- [Material provided]:
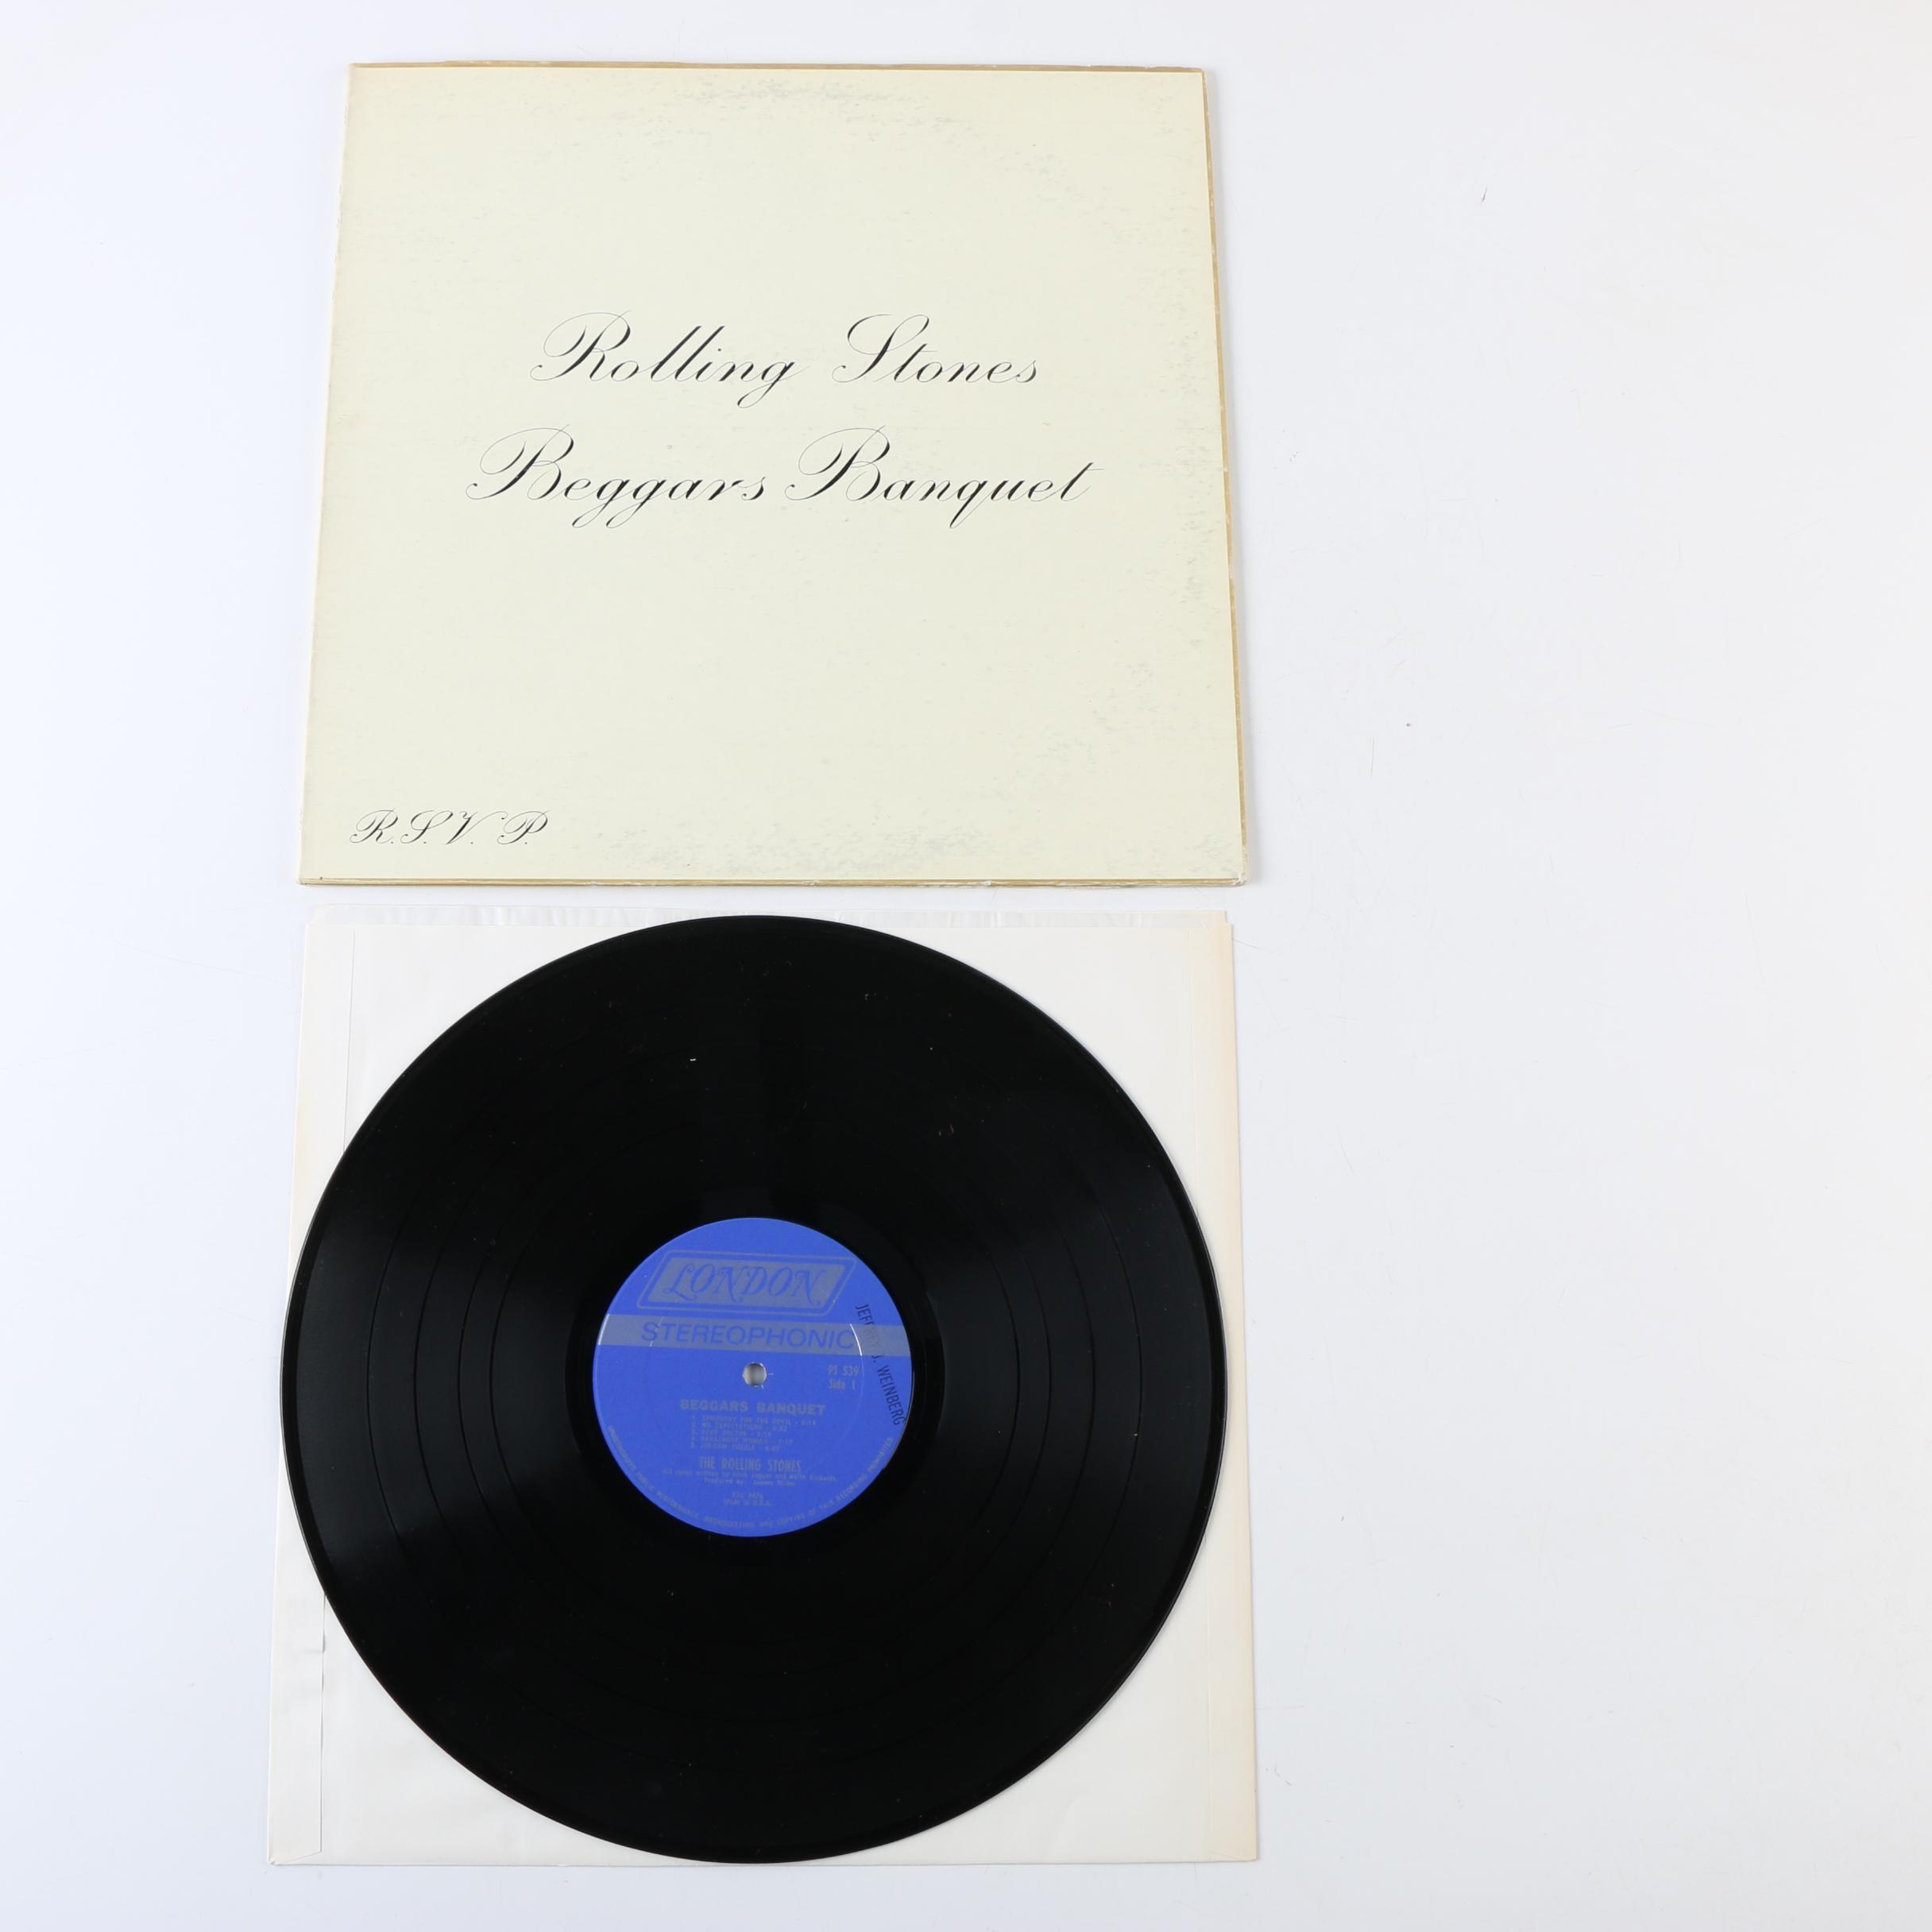 "The Rolling Stones ""Beggars Banquet"" Original U.S. Record Pressing"
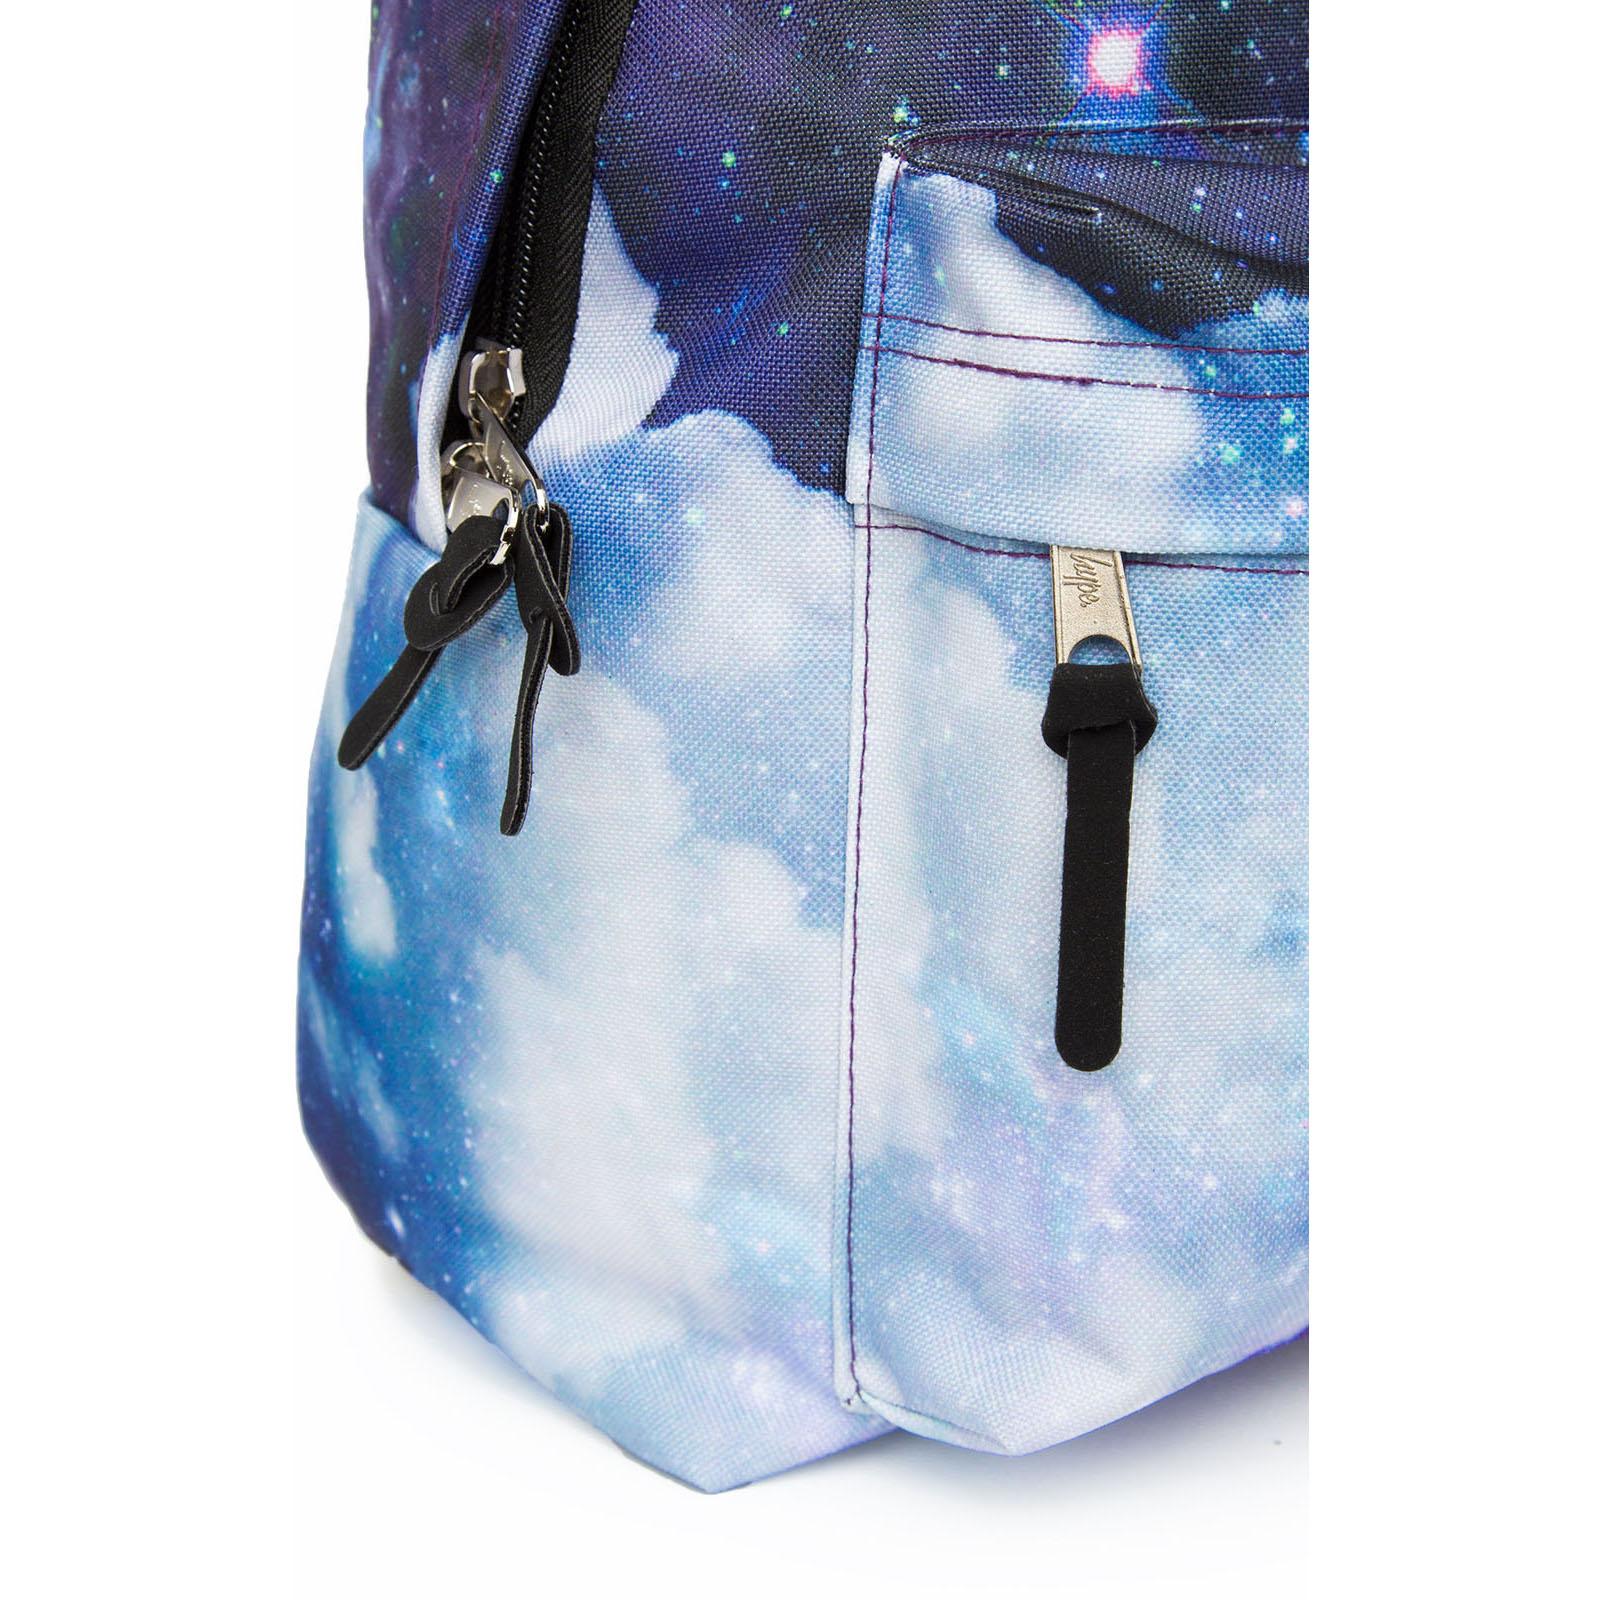 Unisexe-Hype-Sac-A-Dos-Ecole-Gym-SACS-pochettes-pencil-case miniature 57
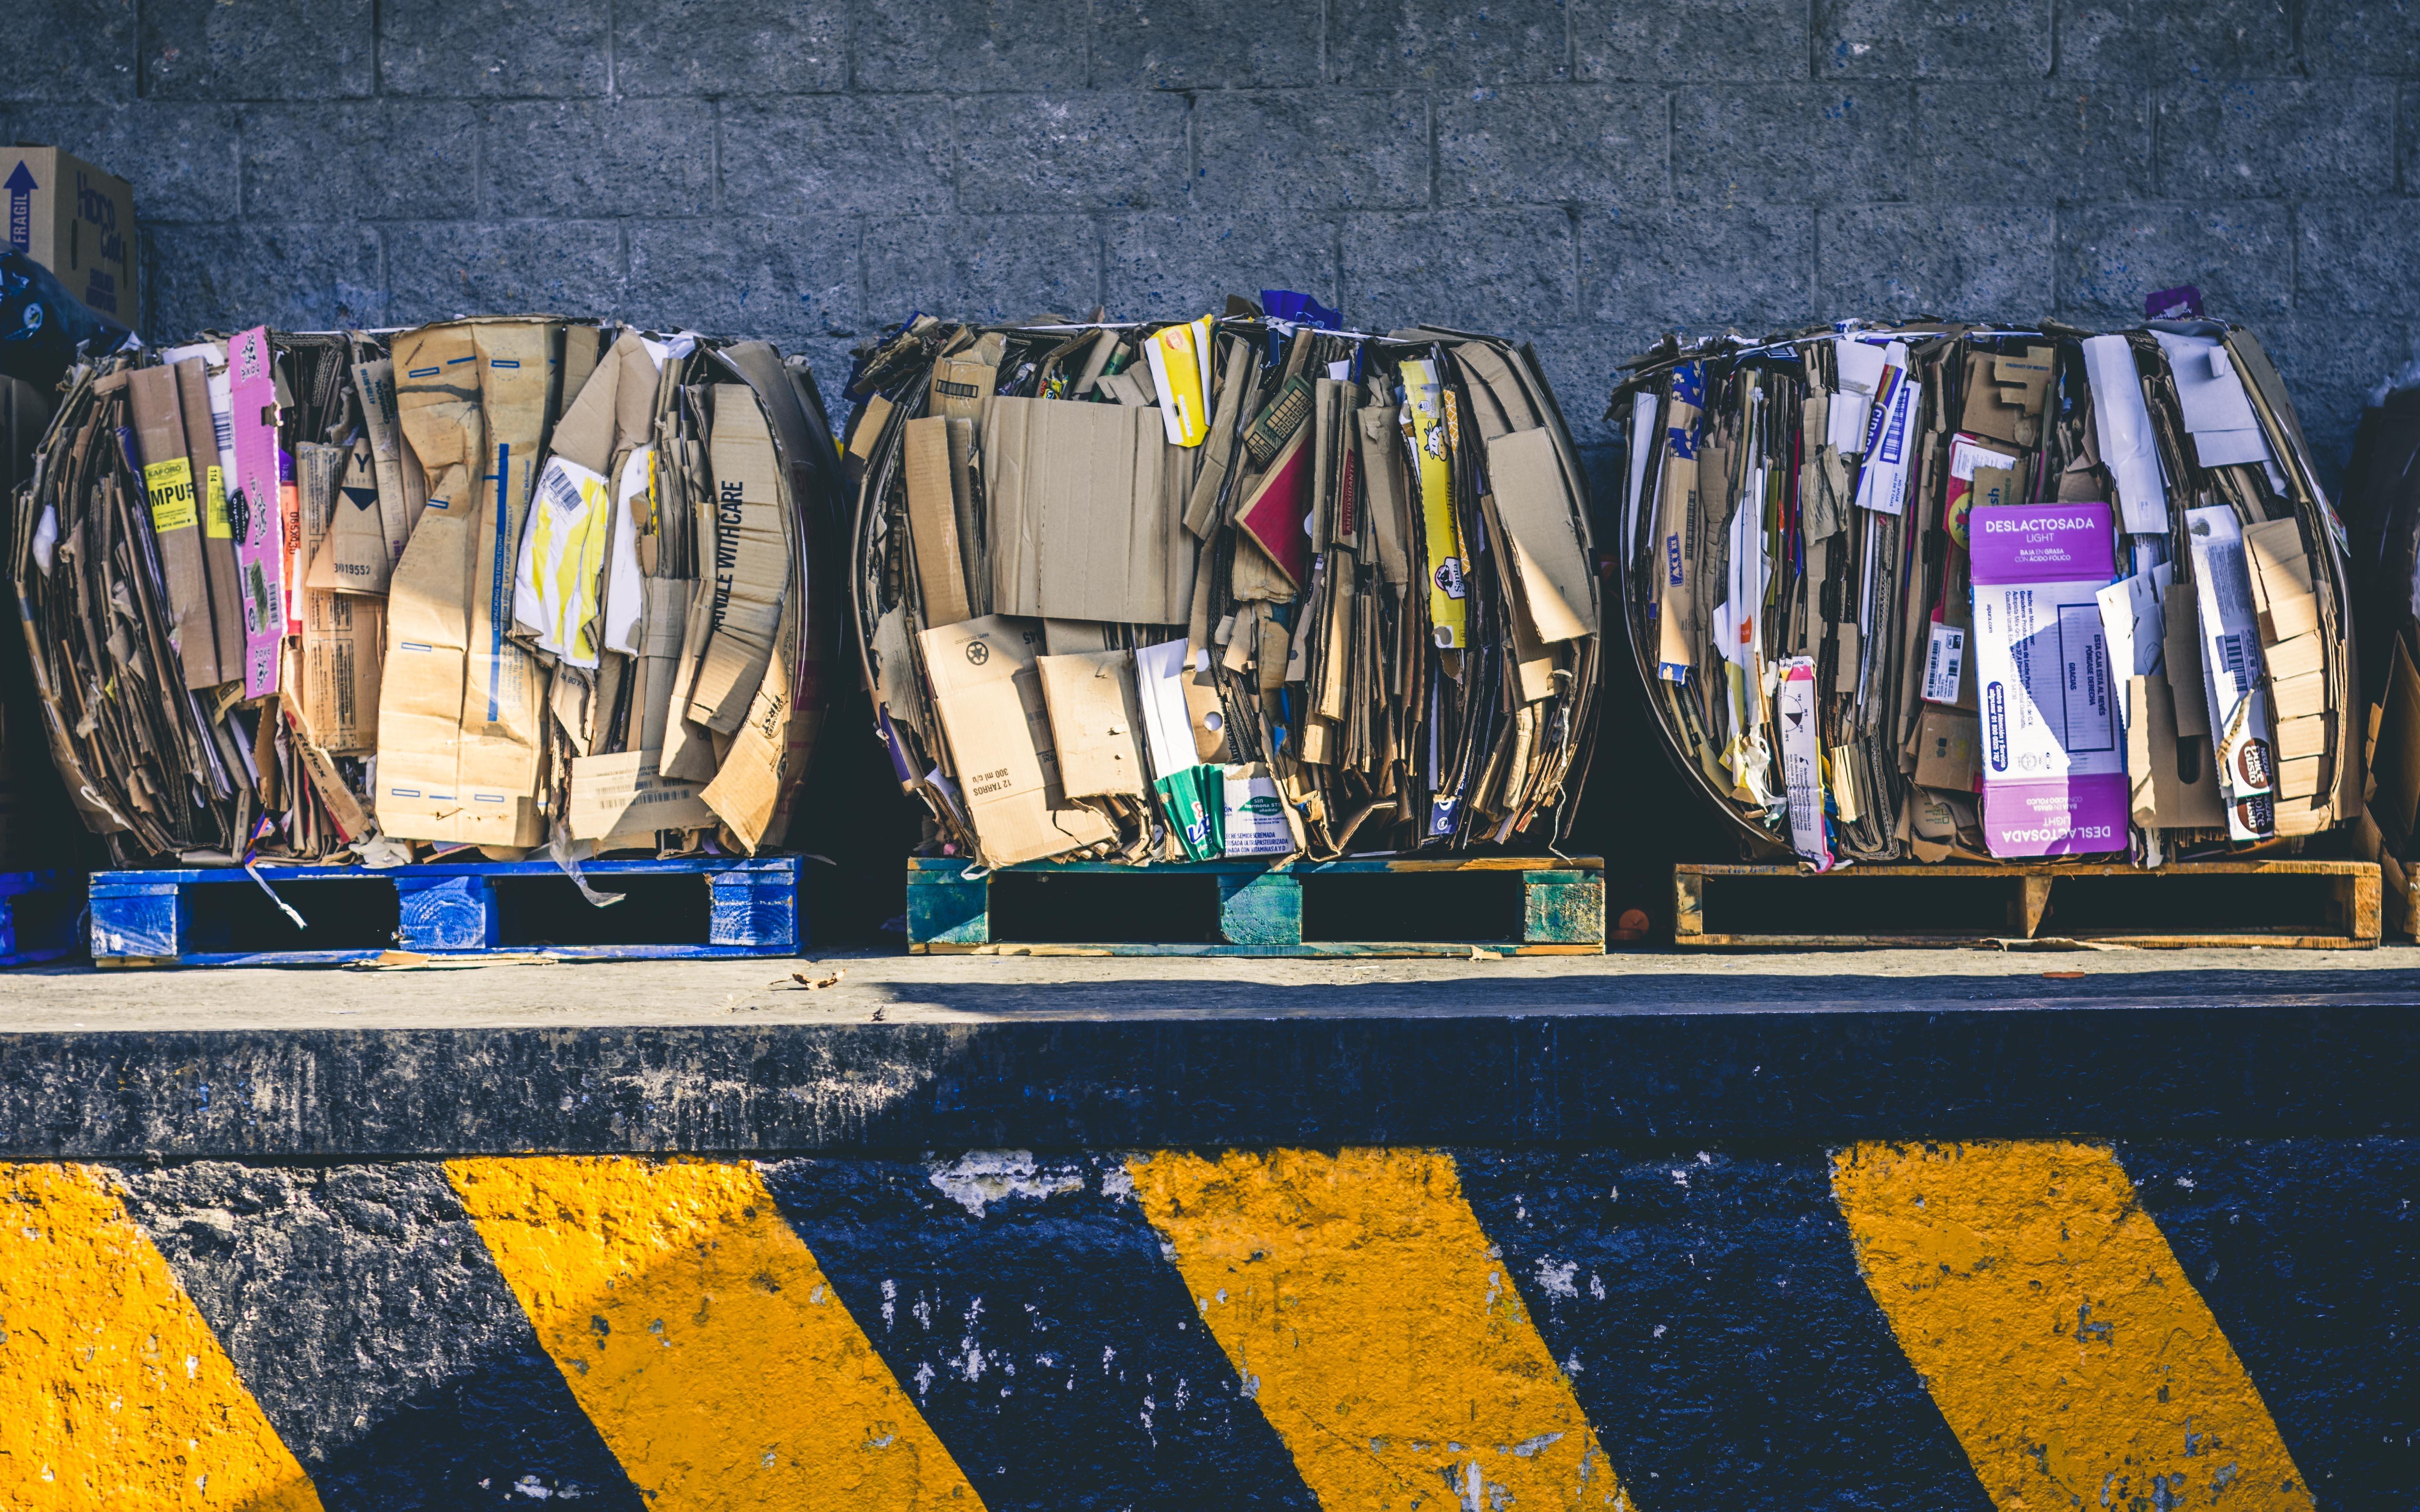 Karton / Papier Recycling

- [Problem requirements]: Each line above gets copied exactly; leave the pictures out.

- [Task output]:
 "The Rolling Stones ""Beggars Banquet"" Original U.S. Record Pressing"
 Unisexe-Hype-Sac-A-Dos-Ecole-Gym-SACS-pochettes-pencil-case miniature 57
 Karton / Papier Recycling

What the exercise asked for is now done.